Problem details: In your reply, repeat the full listing exactly and leave each picture out.

Data section:

-- Opening Marker --

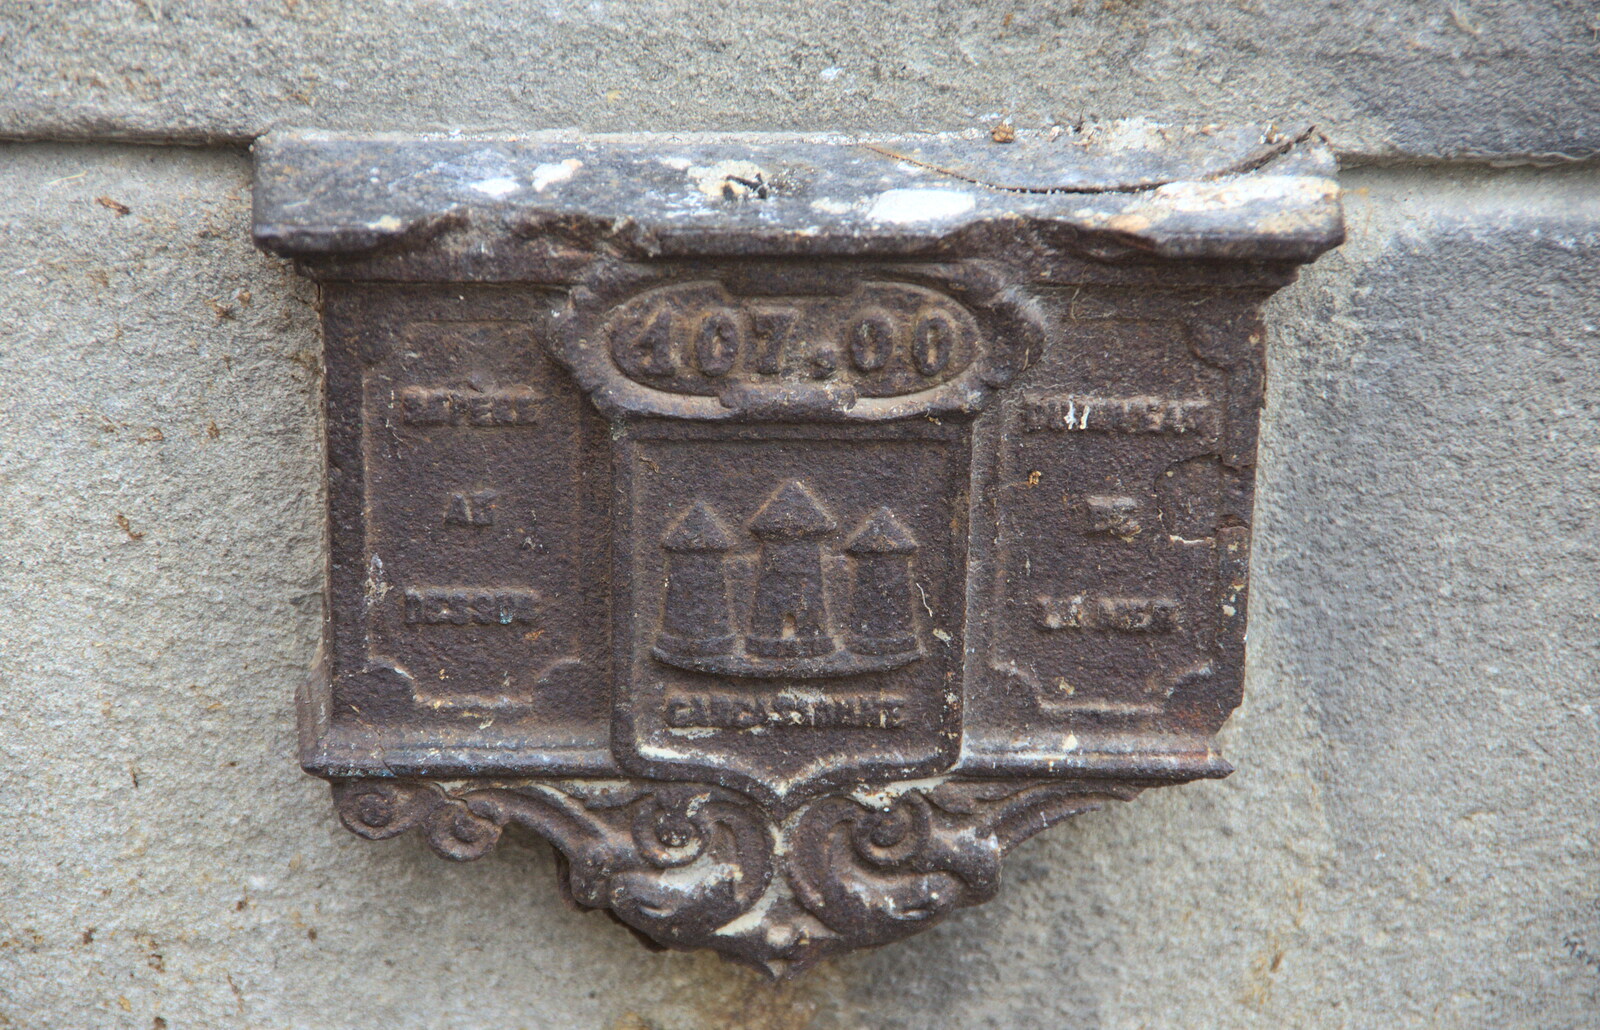 Nice City of Carcassonne cast-iron-work from Abbaye Sainte-Marie de Lagrasse and The Lac de la Cavayère, Aude, France - 10th August
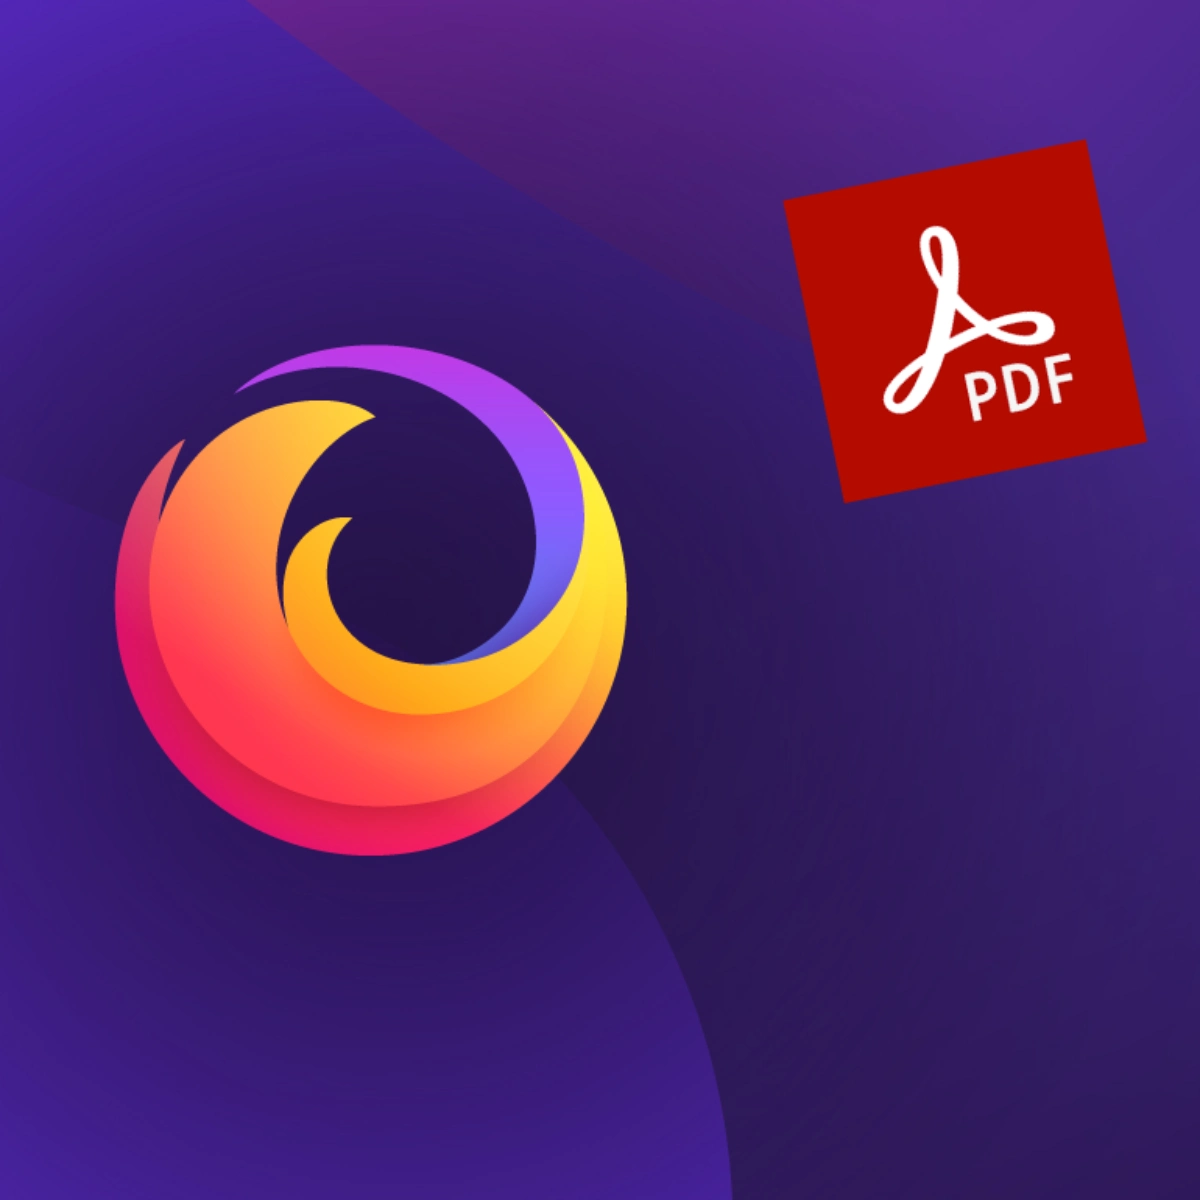 Firefox Browser 106 brings in PDF editing
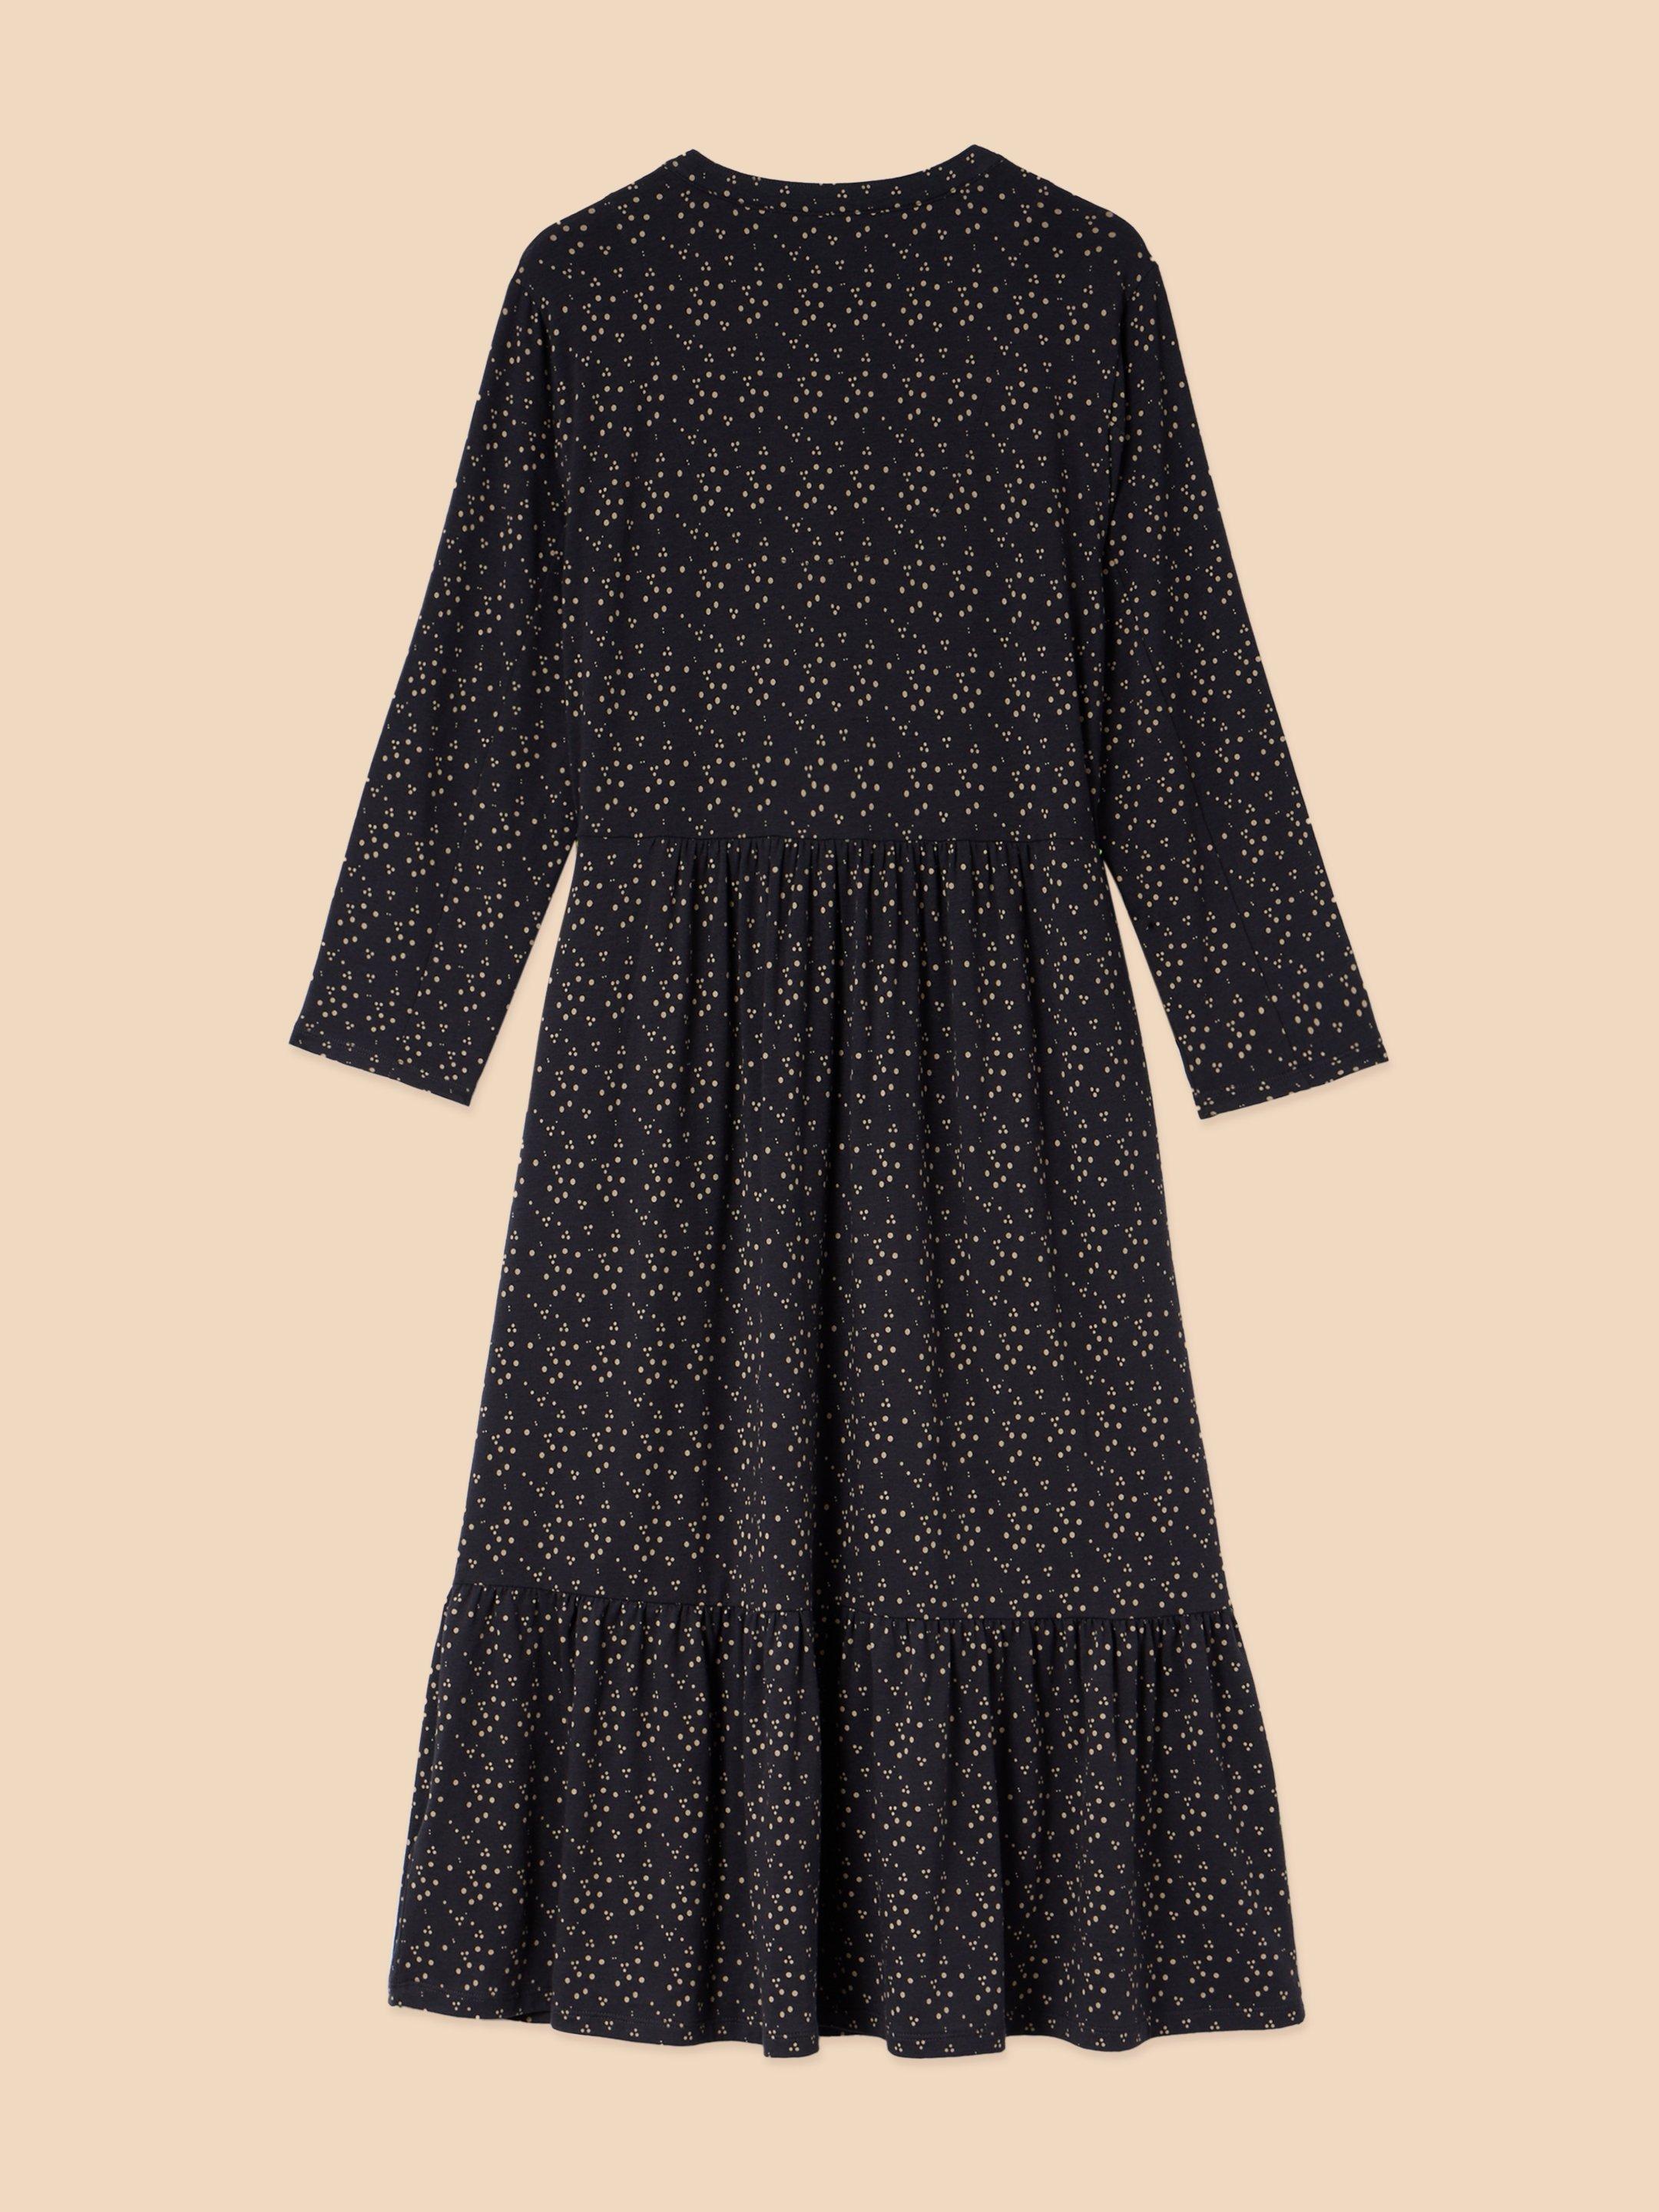 Naya Printed Jersey Dress in BLK MLT - FLAT BACK
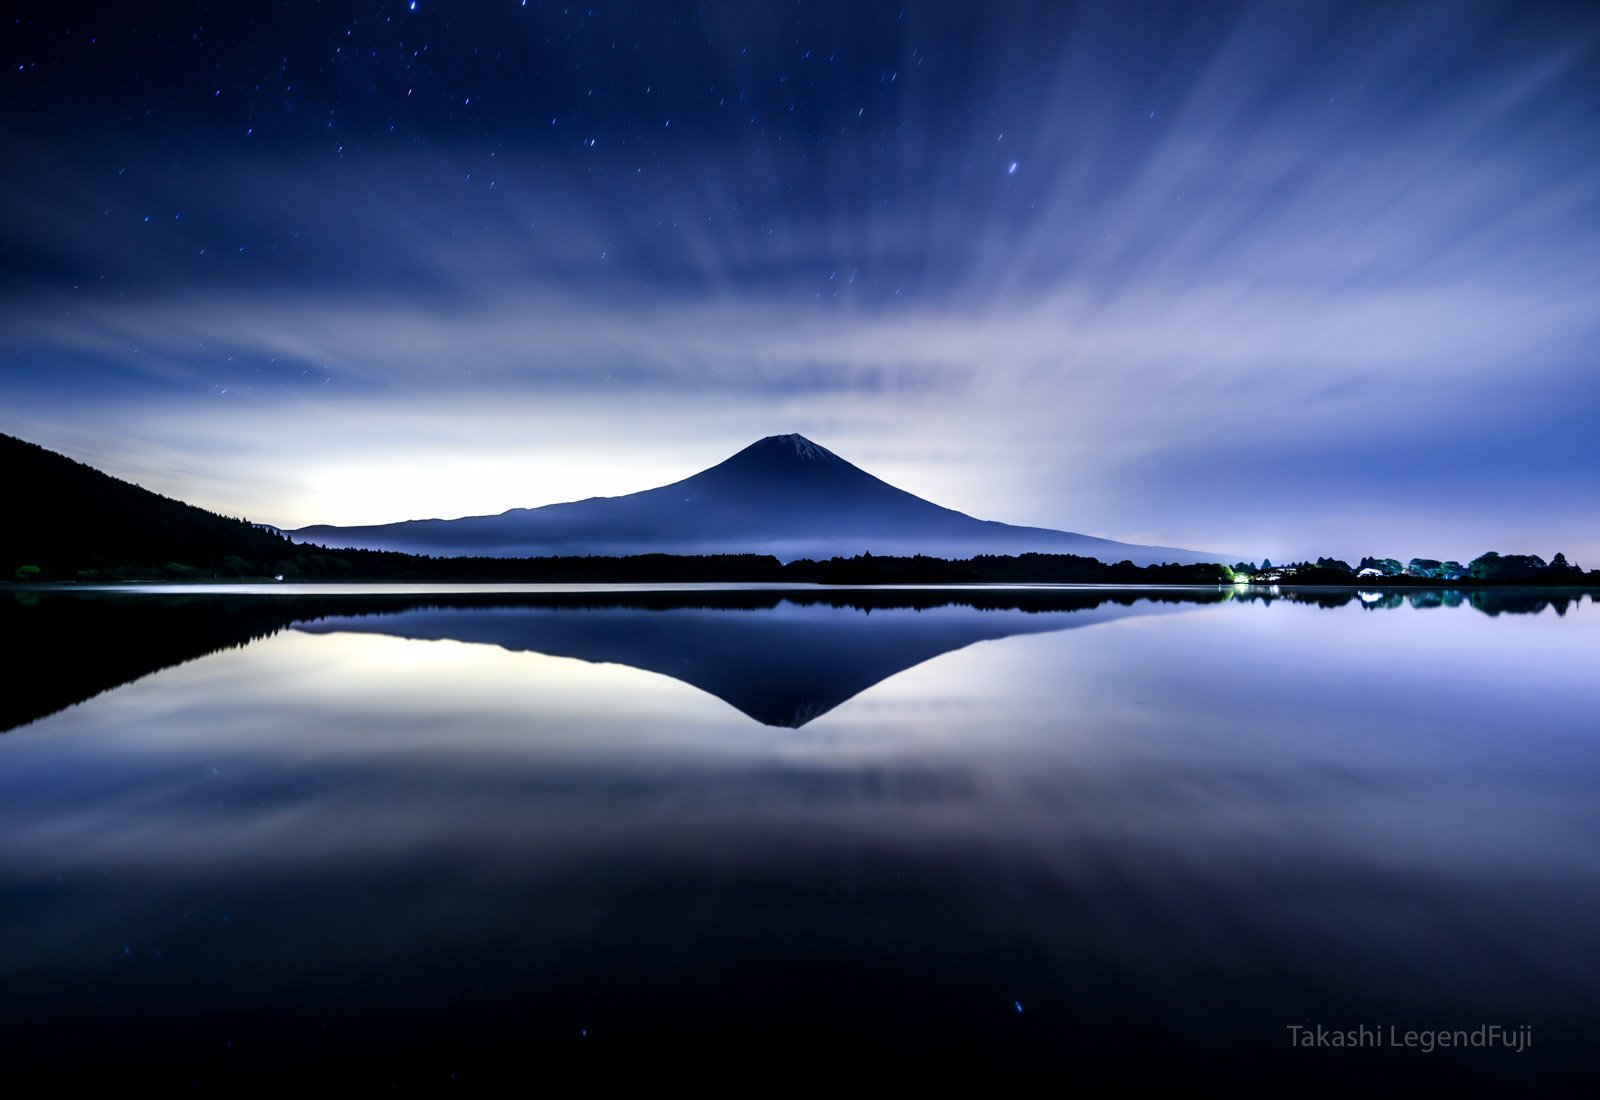 Fuji,mountain,Japan,lake,water,reflection,cloud,star,night,blue,, Takashi

-- Closing Marker --

Solution to this problem:
 Nice City of Carcassonne cast-iron-work from Abbaye Sainte-Marie de Lagrasse and The Lac de la Cavayère, Aude, France - 10th August
 Firefox Browser 106 brings in PDF editing
 Naya Printed Jersey Dress in BLK MLT - FLAT BACK
 Fuji,mountain,Japan,lake,water,reflection,cloud,star,night,blue,, Takashi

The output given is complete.